Vast te stellen de navolgende beleidsregel

Beleidsregel tegemoetkoming kosten kinderopvang sociaal medische indicatie BMWE

1.Begripsbepalingen

In deze regeling wordt verstaan onder:

  • a.

    de wet: de Wet kinderopvang en kwaliteitseisen peuterspeelzalen;

  • b.

    het college: het college van burgemeester en wethouders van de gemeenten Bedum, De Marne, Winsum en Eemsmond

Sociaal-medische indicatie

Bij de aanvraag moet een verklaring overgelegd worden waarin wordt aangetoond dat er sprake is van een sociaal-medische indicatie. Deze verklaring moet minimaal aan de volgende voorwaarden voldoen:

  • a.

    de noodzakelijkheid moet middels indicatieadvisering worden aangetoond;

  • b.

    de sociaal-medische indicatie is afgegeven door een erkende instelling;

  • c.

    de geldigheidsduur van de indicatie moet zijn aangegeven;

  • d.

    de omvang van het aantal uren of dagdelen kinderopvang die noodzakelijk worden geacht moet zijn aangegeven.

3. Te verstekken gegevens

Een aanvraag tot vaststelling van de noodzaak van kinderopvang op grond van een sociaal-medische indicatie bevat, naast de onder punt 2 genoemde verklaring, in ieder geval de volgende gegevens:

  • a.

    naam en adres van de ouder(s);

  • b.

    indien van toepassing: naam en adres van de partner;

  • c.

    naam en geboortedatum van het kind of de kinderen waarop de aanvraag betrekking heeft;

  • d.

    overige gegevens die het college nodig acht om te kunnen besluiten op de aanvraag;

  • e.

    indien de ouder een partner heeft, wordt de aanvraag mede ondertekend door de partner.

4. Offerte kinderopvang

De ouder zal een offerte of contract van een erkende kinderopvanginstelling overleggen aan de gemeente. Daarbij dient met het volgende rekening te worden gehouden:

  • a.

    dat een erkende kinderopvanginstelling een instelling is die wordt genoemd in het landelijk register kindercentra en gastouderbureau;

  • b.

    dat de ouder zelf een contract dient af te sluiten met een erkende kinderopvanginstelling;

  • c.

    dat de betaling van de tegemoetkoming rechtstreeks zal plaatsvinden aan de kinderopvanginstelling, waarvoor de ouder een machtiging dient af te geven.

5. Ingangsdatum

Voor de vaststelling van de ingangsdatum geldt het volgende:

  • a.

    de tegemoetkoming wordt verleend met ingang van de datum waarop de aanvraag voor de tegemoetkoming in ontvangst is genomen;

  • b.

    als op deze datum nog geen kinderopvang plaatsvindt, wordt de tegemoetkoming verleend met ingang van de datum waarop de kinderopvang zal plaatsvinden.

6. Hoogte en duur

Voor de hoogte en de duur van de tegemoetkoming geldt het volgende:

  • a.

    de tegemoetkoming wordt toegekend voor de duur van maximaal 6 maanden en kan daarna op basis van een herindicatie worden verlengd met maximaal 6 maanden;

  • b.

    de hoogte van de tegemoetkoming is afhankelijk van het inkomen van de aanvrager en wordt bepaald overeenkomstig de systematiek die de belastingdienst hanteert bij het verlenen van de tegemoetkoming bij of krachtens de wet

  • c.

    in afwijking van het gestelde onder a. kan het college de tegemoetkoming voor een andere periode verlenen.

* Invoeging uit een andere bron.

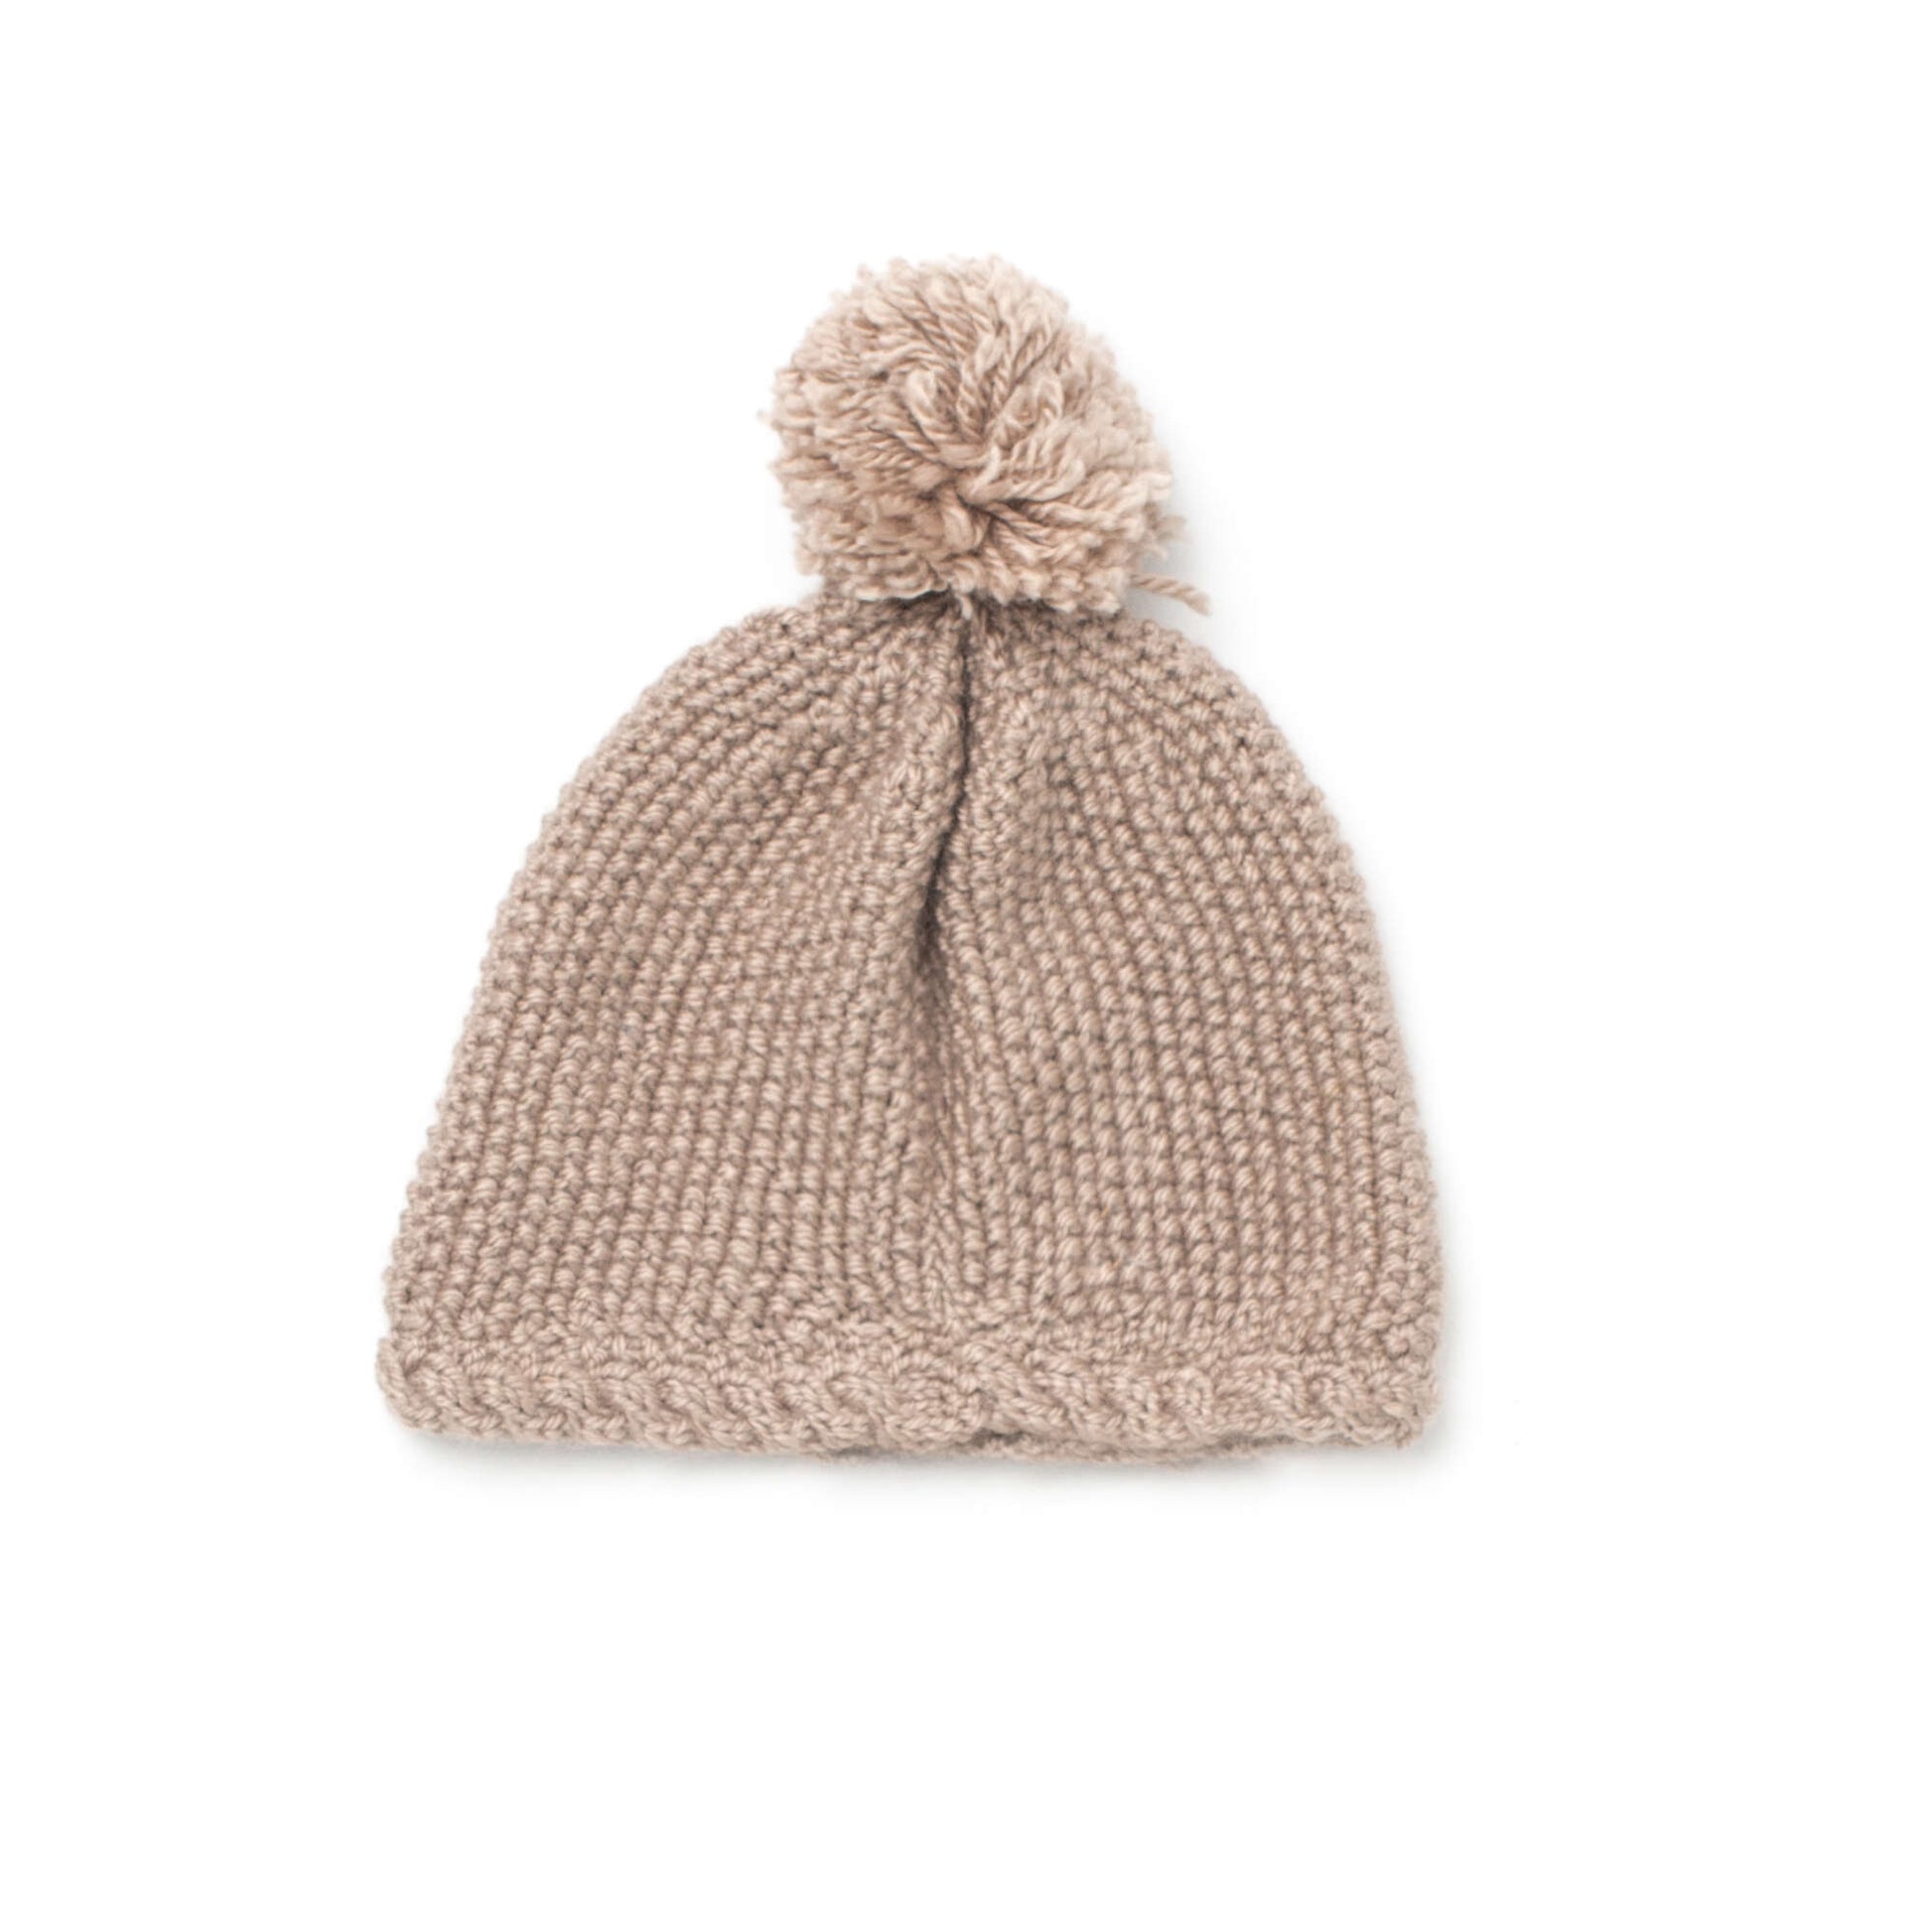 Bernat Hat For Little Ears Knit Hat made in Bernat Softee Baby yarn

7. Voorliggende voorziening

Het college weigert de tegemoetkoming indien er sprake is van een voorliggende voorziening. tot een voorliggende voorziening wordt in ieder geval gerekend een voorziening op grond van:

  • a.

    de Wet kinderopvang;

  • b.

    de Kinderopvangtoeslag

  • c.

    de Algemene wet bijzondere ziektekosten;

  • d.

    de Jeugdwet;

  • e.

    de Wet maatschappelijke ondersteuning (Wmo)

  • f.

    de wet langdurige zorg (persoonsgebonden budget);

  • g.

    medisch kinderdagverblijf;

  • h.

    een bijdrage van de werkgever;

  • i.

    mogelijkheid tot gebruik maken van peuterspeelzaal

8. Inlichtingenplicht

De ouder of de partner doet het college onmiddellijk na het bekend worden daarvan uit eigen beweging schriftelijke mededeling van inlichtingen en gegevens die kunnen leiden tot de vaststelling van een lagere of hogere tegemoetkoming of van invloed kunnen zijn op het recht van tegemoetkoming.

9.Hardheidsclausule

In gevallen waarin deze beleidsregel niet of niet naar redelijkheid voorziet, beslist het college.

10.Beëindiging beleidsregel

Op het moment dat de doelgroep sociaal-medisch geïndiceerden alsnog aan de doelgroepen in de wet wordt toegevoegd, zal deze beleidsregel komen te vervallen.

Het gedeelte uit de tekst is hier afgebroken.